Chodosh reserved some of his praise for Ung’s work outside of the lab. Ung has thrown himself into the MEEI community, serving on the hospital’s diversity, equity, and inclusion committee and running two book clubs. He’s conversant with the classics, plays a cello named “Archie” — he learned when he needed an outlet after medical school — and even stargazes with a pair of astronomical binoculars that allow him to see Jupiter’s largest moons.
“One of the things that has always fascinated me is how small we are,” Ung said. “We are just little specks in this thing we call the universe and this thing we call life, and I just look up at the sky, and it fills me with a sense of wonder.”
Under Chodosh’s tutelage, Ung learned more about eye diseases — Chodosh’s lab studies, among other things, corneal infections and ulcers that can lead to blindness — and gained an interest in the social determinants of where they, and blindness overall, are most common. The answer is that they more frequently occur in poor and middle-income nations, where eye care is harder to find. The result, Ung said, is that most of the world’s blindness is found among populations with the fewest resources to manage it. Some of it could be remedied through corrective lenses, common in more developed locations, while much of it is preventable if eye injuries and infections are caught early.
The difficulty in finding a solution to the problem, Chodosh said, is that the field has been static for many years. It’s known that there are about 2.2 billion who are visually impaired or blind in the world, that important causes are cataracts, eye injury, and lack of access to corrective lenses. About 300 million are blind or severely visually impaired for reasons not owing to either cataract or uncorrected refractive error. However, detailed data about who, where, and why are missing or outdated.
“The epidemiology that is out there is partial and old, so we don’t know the full burden,” Chodosh said. “We need to describe the spectrum and impact of disease, and once understanding that, come up with solutions. Lawson has been working very hard on molecular diagnostics for the disease, which we think will transform care of the disease from what it is now, which is mostly guesswork and empiricism.”

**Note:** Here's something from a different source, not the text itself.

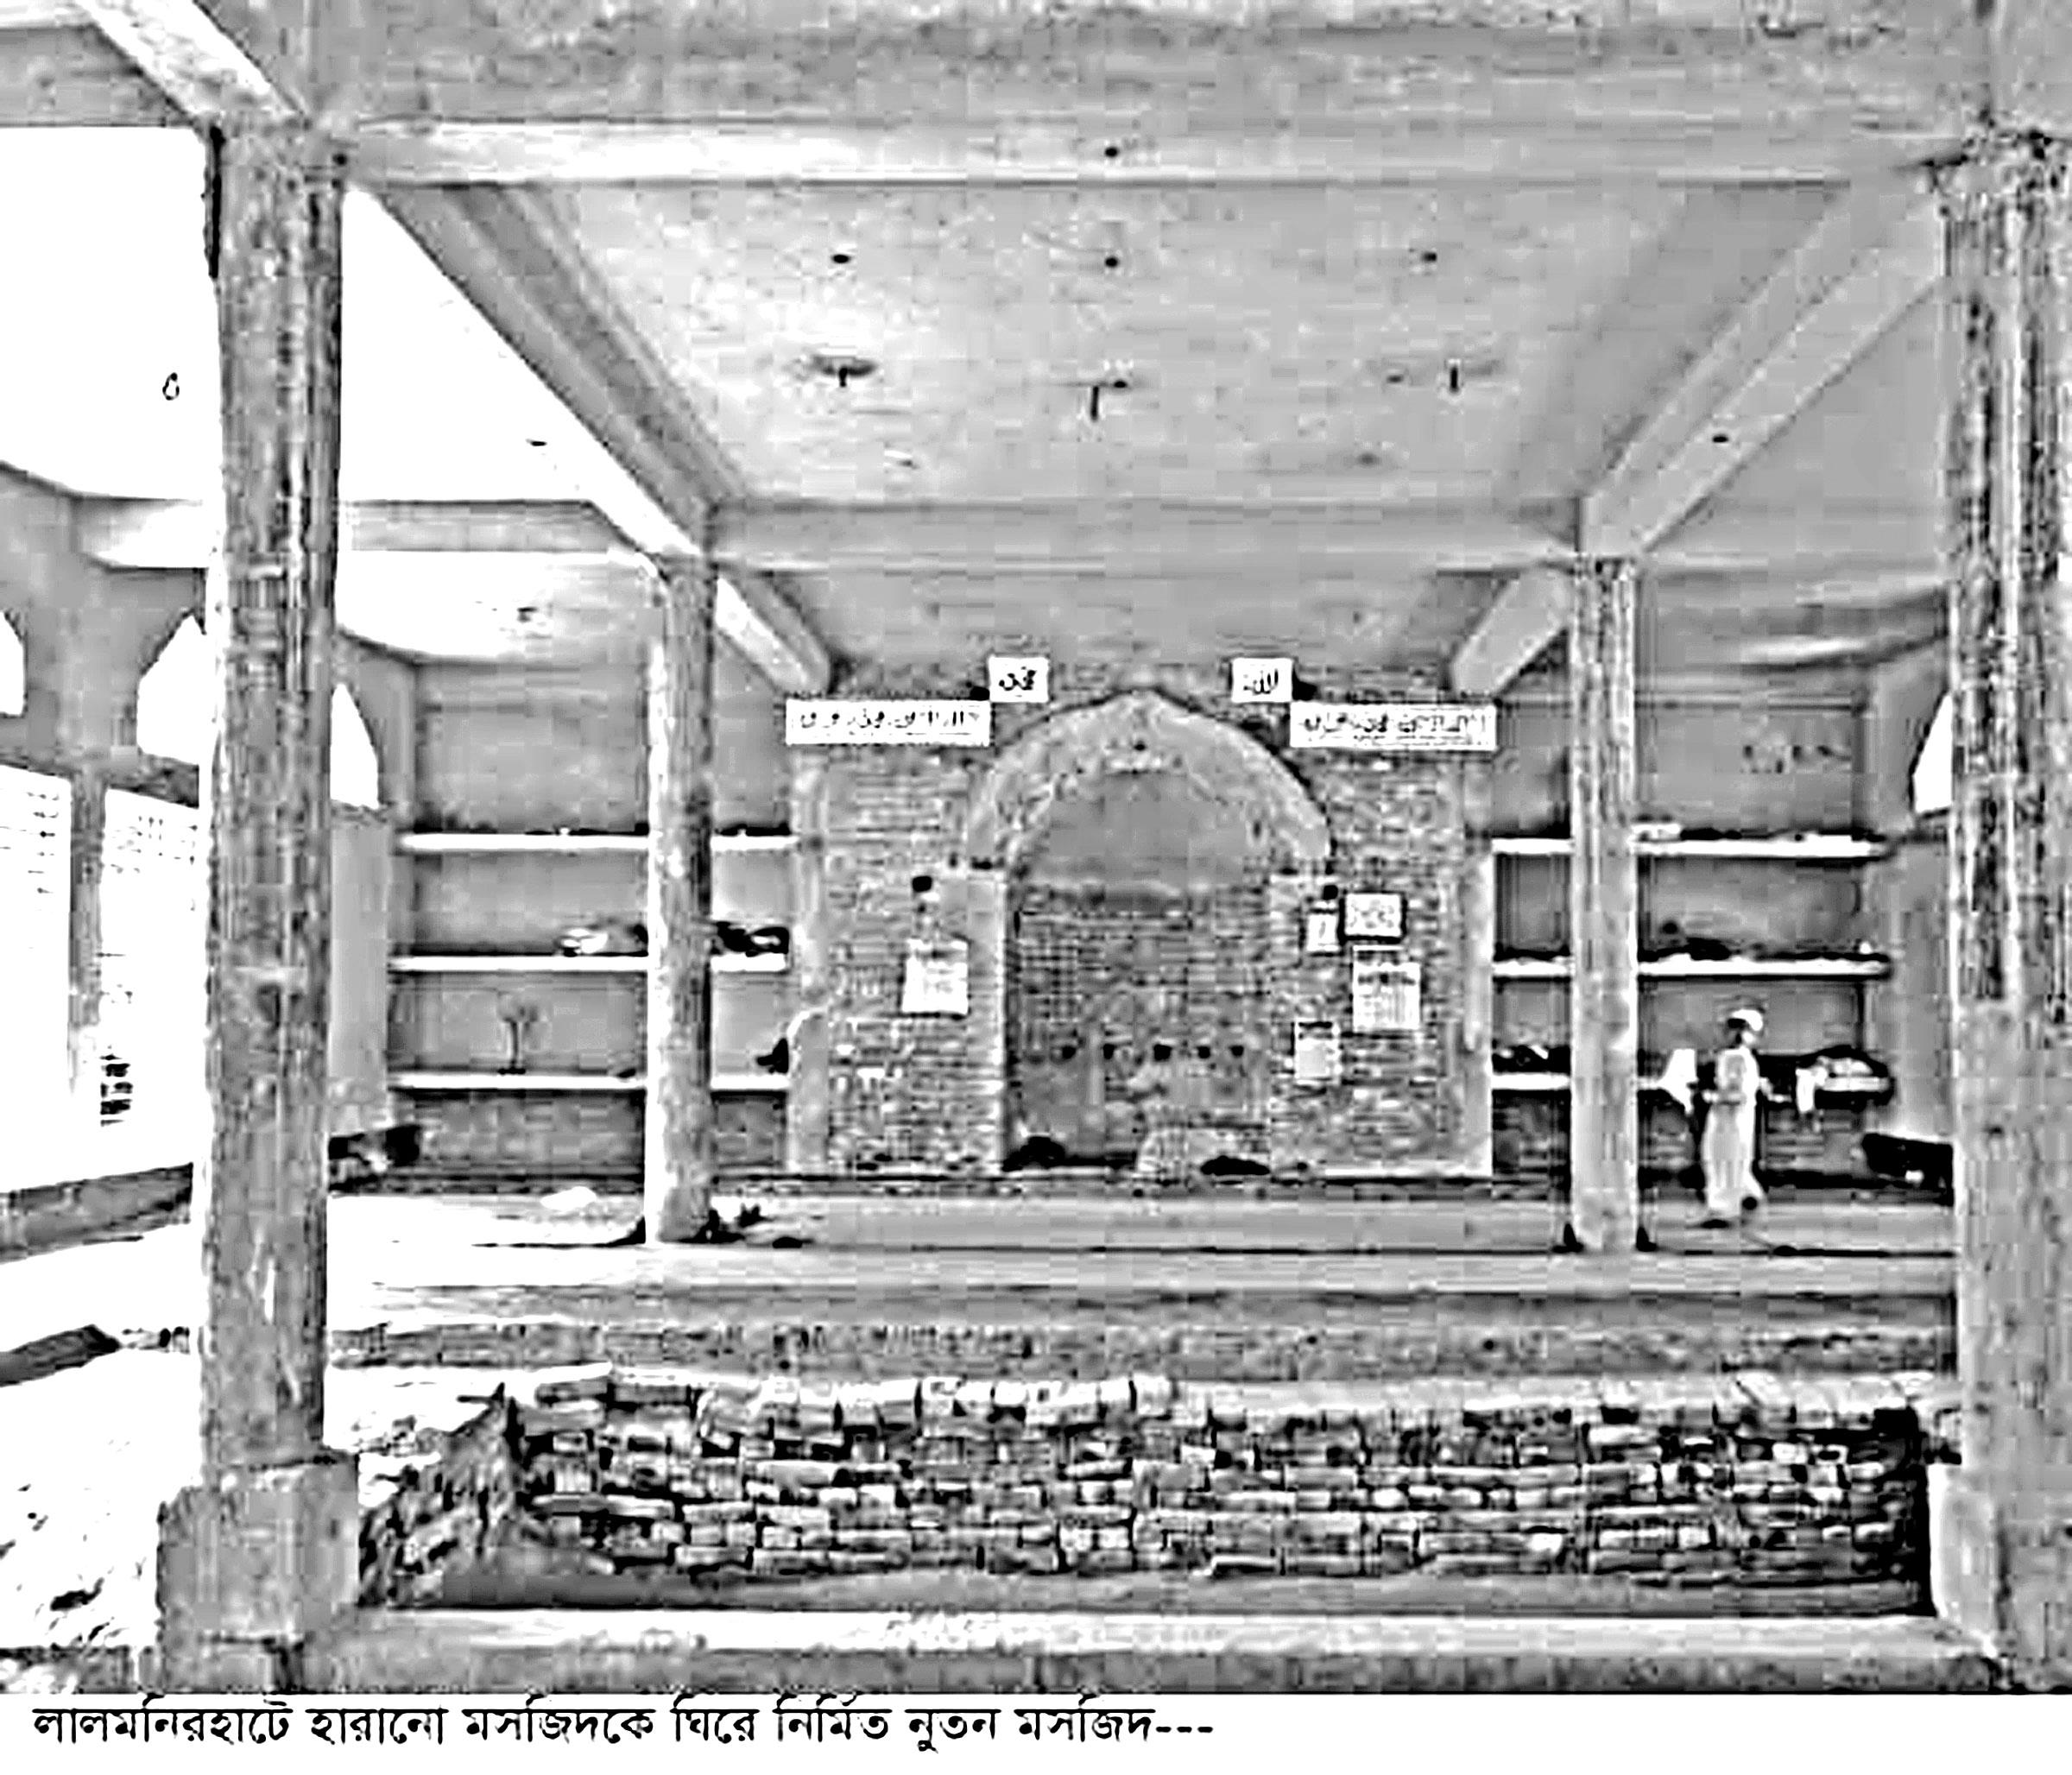 এশিয়ার প্রথম মসজিদ সাহাবায়ে কেরাম

That need to understand not only the disease itself, but also its global sweep and unrecognized burden, brought Ung to the Harvard Chan School in September 2020. Though the one-year program was conducted entirely remotely, Ung said he counts himself lucky to have been able to study there, even during pandemic times.
Ung worked with Associate Professor of Epidemiology William Hanage on a project that evaluates how the world, with the World Health Organization front and center, might respond differently to the next pandemic. Ung said the work recognizes that the WHO has had a difficult time recently, not only because of the global pandemic, but also because of years of neglect and disinvestment from member nations.
“We would not have eliminated smallpox without WHO; we wouldn’t have made marked progress toward alleviation of childhood and maternal morbidity and mortality,” Ung said. “We have to think about how we are going to do this in the future … because there will be a next time.”
Ung, whose family fled to Australia from the Khmer Rouge and Cambodia’s Killing Fields in the mid- to late-1970s, said he plans to enter the Chan School’s Ph.D. program in epidemiology in the fall. He hopes it will equip him to work internationally on the world’s major infectious diseases, which still place a disproportionate burden on the most vulnerable communities.
“I think of how much human potential is lost because folks are unfortunate enough to be born into circumstances such as those that characterize my parents’ upbringing,” Ung said.